The sale isn’t expected to be finalized until next year. Although the transaction already has received the blessing of President Trump’s Justice Department, the two companies still must obtain regulatory approvals from governments around the globe. Disney also has agreed to divest Fox’s 22 regional sports networks, including Prime Ticket and Fox Sports West in Los Angeles.
Disney has arranged $34 billion in financing to help pay for the new assets.
“We’re incredibly pleased that shareholders of both companies have granted approval for us to move forward, and are confident in our ability to create significant long-term value through this acquisition of Fox’s premier assets,” Iger said in a statement. “We remain grateful to Rupert Murdoch and to the rest of the 21st Century Fox board for entrusting us with the future of these extraordinary businesses.”.

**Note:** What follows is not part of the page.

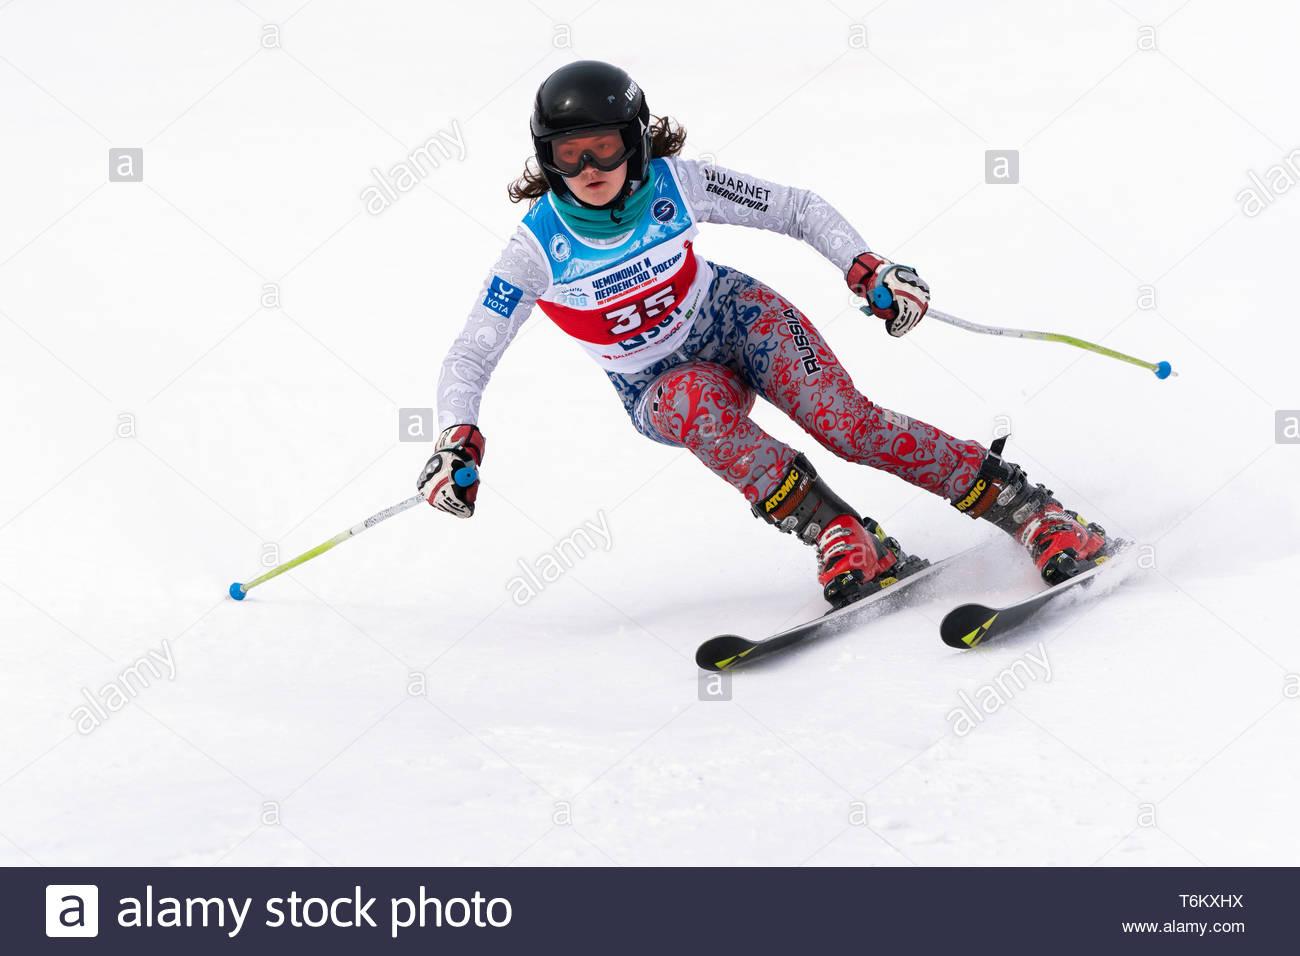 KAMCHATKA PENINSULA, RUSSIA - APR 2, 2019: Mountain skier Polina Delkhman (Krasnoyarsk) skiing down mount. Russian Women's Alpine Skiing Cup, Internat - Stock Image

Murdoch, 87, and his family won’t be exiting media, however. The family intends to hold onto several Fox assets, including Fox News Channel, Fox Business Network, two national sports networks, television stations and the Fox broadcast network. Those properties will form a new company.
In addition, the Murdochs also have a controlling stake in the publishing company News Corp., which owns the Wall Street Journal, Times of London, newspapers in Australia and the HarperCollins book publishing house.
Fox shares slipped 23 cents, or half a percent, to close at $45.15 on Friday. Fox shares are up 80% since news of the talks with Disney became public in late October. Disney shares closed down 89 cents, or less than a percent, to $112.62.
1:20 p.m.: This article was updated with statements from Fox Executive Chairman Rupert Murdoch, Disney CEO Bob Iger and analyst commentary.